And then everything changed

Montag, 5. September 2016

How I deal with negative spirals in my head

You know those moments or hours or days when you suddenly remember something you forgot to do and then you think of that one time you let down you best friend in 8th grade and then you think of you stupid jerk ex-boyfiend who treated you like shit and then you think about how you will probably never get married because you're so unlovable and a failure at work, so you think about all the life goals you will never achieve and about that awful discussion with your boss which is coming up and which you fantasize about every day and then... Well, you get my point. Sometimes (often at night when you're trying to fall asleep) one negative thought leads to the next which leads to you doubting every decision you ever made and suddenly you want to turn off your alarm for the next day because what's the point of getting up anyway?

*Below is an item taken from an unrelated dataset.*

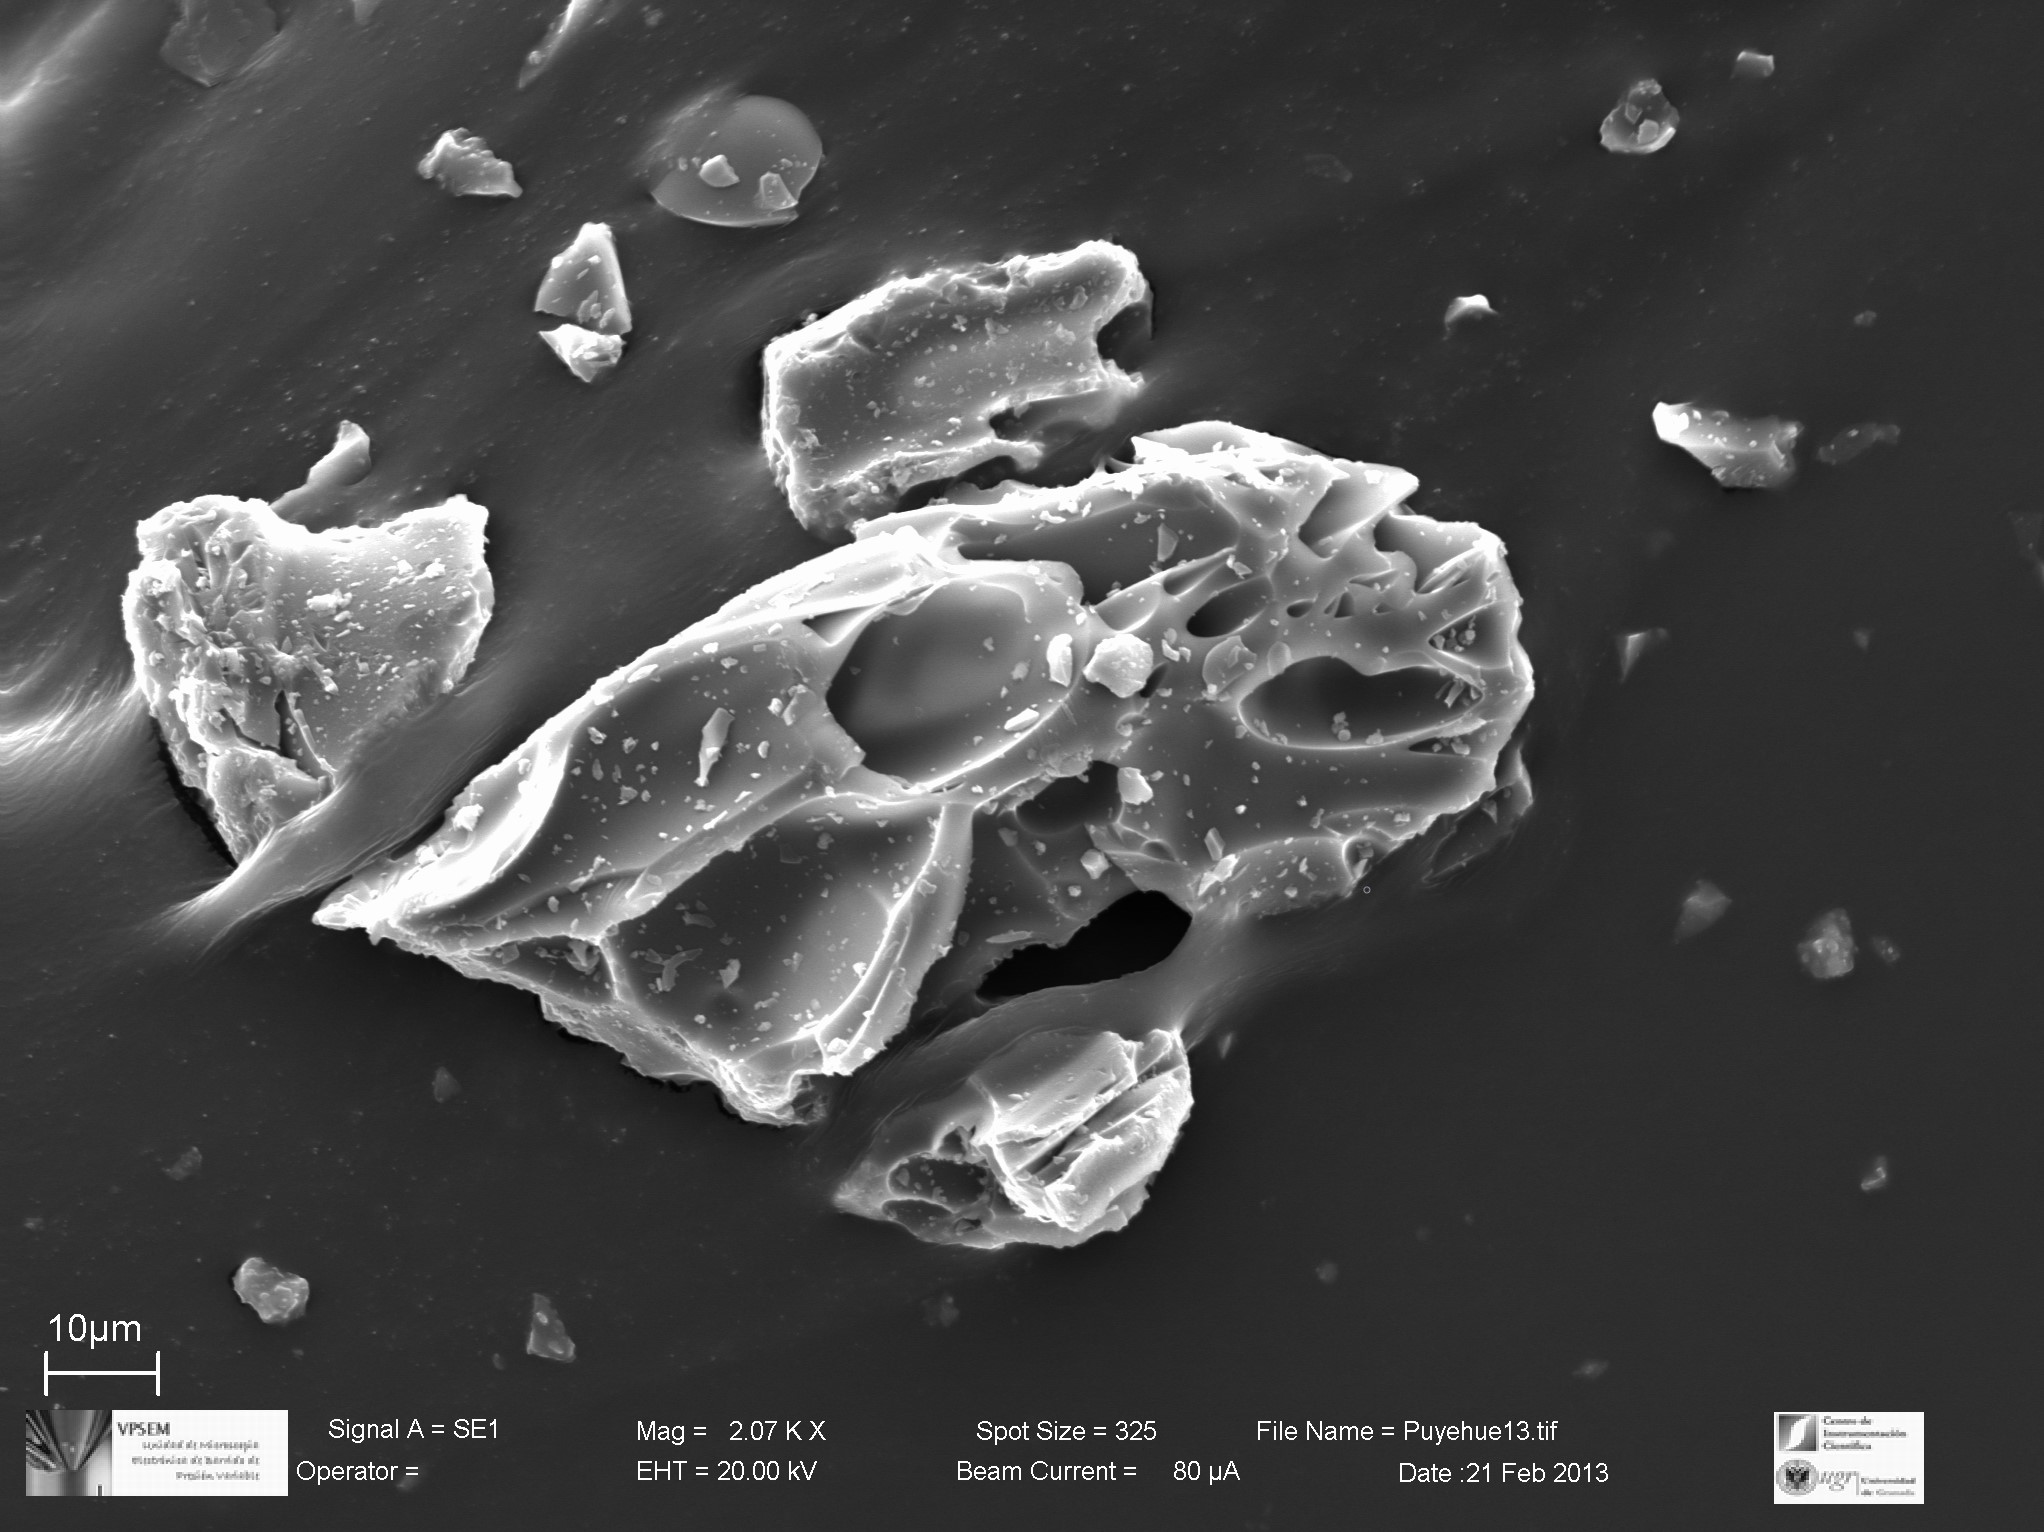 Scanning Electron Microscopy image of volcanic ash particles from Puyehue

I know those nights all too well. Especially when I'm facing big life changes or insecurities the negative spirale in my head can drive me crazy. But with years of experience I have developped a couple of methods to deal with it.

1. Repression/distraction

In German there's a perfect word for it, which is "Verdrängung". According to the English dictonary "repression" is the correct translation but I'm not completely sure of it. Anyway, let's just say I'm great at repression. You know when people say everyone's really good at one thing they do, I often can't think of anything expect: I'm really good at repression. I can shove my problems and fears in the darkest corner of my brain and keep them stored there for weeks or even months. Of course ignoring your problems is not healthy but a bit of distraction might actually help you. Distract yourself now and then deal with the issue once you feel ready for it (which admittedly often happens to be never).

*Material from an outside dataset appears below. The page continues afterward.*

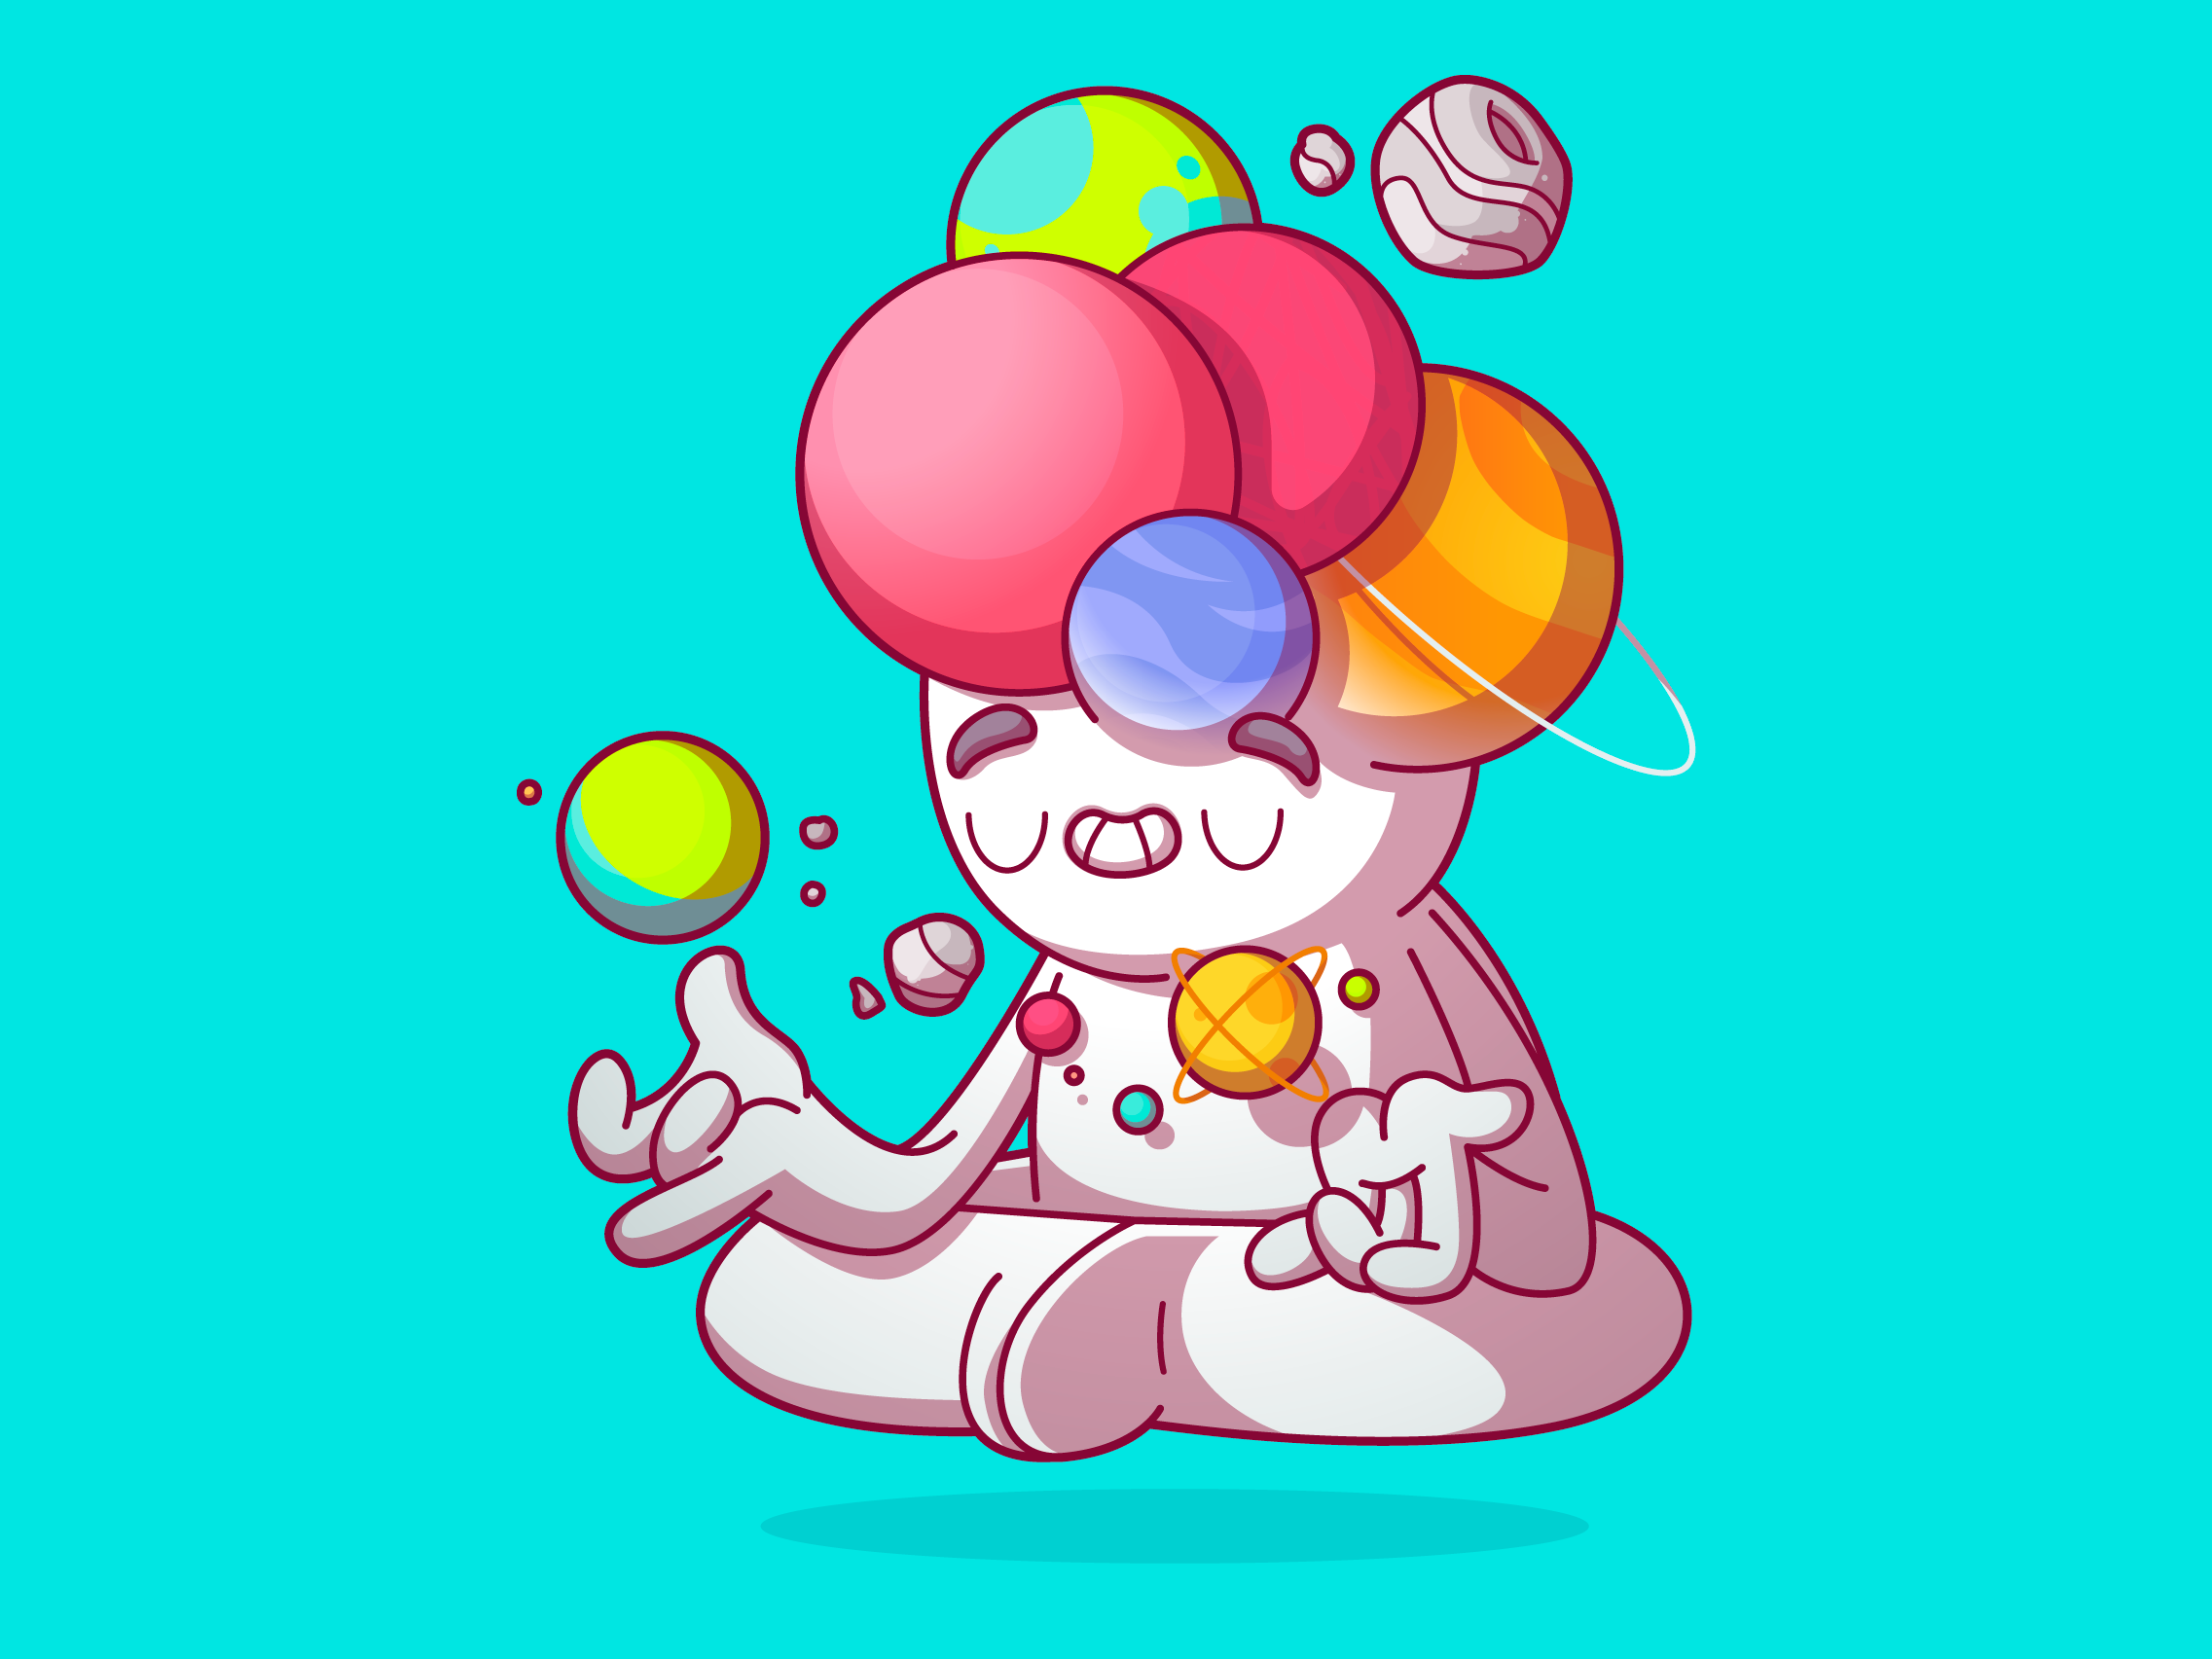 Create Your Own Universe by Thunder Rockets on Dribbble

At night when I realize that the negative spirale starts spiraling, I consciously force myself to stop thinking about this topic. Instead I invent stories of travels and adventures and drama in my head which most times works well. But sometimes my worries slip into my stories. In this case I get up and read a fictional book (mostly fantasy, because that's as far away from my life as it can get) or I watch a feel-good tv show like Unbreakable Kimmy Schmidt or Friends or (my go-to mood booster) Futurama. Yes, you could say that I'm lying to myself and am ignoring my problems, but it makes me feel better.

2. Letting go

Sometimes things that happened to me (people who did me wrong or even worse, people I treated badly, stupid mistakes I made, embaressments) haunt me at night. This is just stupid. Because it happened. It's done. I can't change it anymore. Also, if I fought with someone, even if we made up by then, I can't help but go through our argument and be hurt by it over and over and over. In this case repression will only buy me some time. Sooner or later I have to let it go.

The way I do it is, I formulate a summary of what happened: This is what happened, this really hurt me, this was what I did wrong, this is how we resolved it (if we did resolve it) - there's nothing more to say about it. Then I tell myself: This is it. There's nothing you can do about it now. Let it go. Just let it go. And then I take a deep breath and I let it go.

Of course it's not always that easy. What also helps me is to write it down in my diary. While I'm writing it down I allow myself to use as many curse words and melodramatic metaphors as I want and I cry so much that at the end I can't read my words anymore. But it's extremely liberating. Once it's down on paper, it's not stuck somewhere between my heart and my solar plexus anymore. It isn't a part of me anymore.

In general, crying my eyes out and letting it all out helps me a lot. Afterwards I always feel better. And I'm so exhausted from crying that I fall asleep instantly.

3. Making an appointment with yourself to actually deal with your problems

Sometimes repression is not working anymore. And to let it go it's too soon. Because sometimes we have actual problems which deserve our attention. They might seem unsolvable and make you feel abolutely hopeless but there is always a way, even if the way is to suck it up and live through it.

But it never once happened to me that I solved a life problem at night before I fall asleep. It always ends in me thinking endlessly about how fucked up my situation is and not sleeping at all. Which is why I don't even attempt to solve my problem then and there. I tell myself, next Thursday at 5pm, you're going to take a walk and you will sit in your favorite park and calmly think about possible solutions. You will write them down and then you will decide for a path to take, may it be a shitty path but you will decide and you will stick to it.

In that night I stop thinking about it, knowing that I will take care of it in a couple days (I even create reminders in my phone so that I don't forget to deal with it on the chosen day). Now I can think about something else or fall asleep and then some days later when I'm more awake and hopefully less desperate I will sit down (or walk around in my case) and calmly think about my problem.

I know my ways are far from perfect. Actually they are on a scale from absolutely-awful-for-my-repressed-subconciousness to alright-but-still-pretty-bad. But it's my way. This is how I deal with stuff. Because believe me, I know what it feels like when you get stuck in a negative spirale and I never want to feel that way again.

Do you have methods of dealing with negative spirals in your head?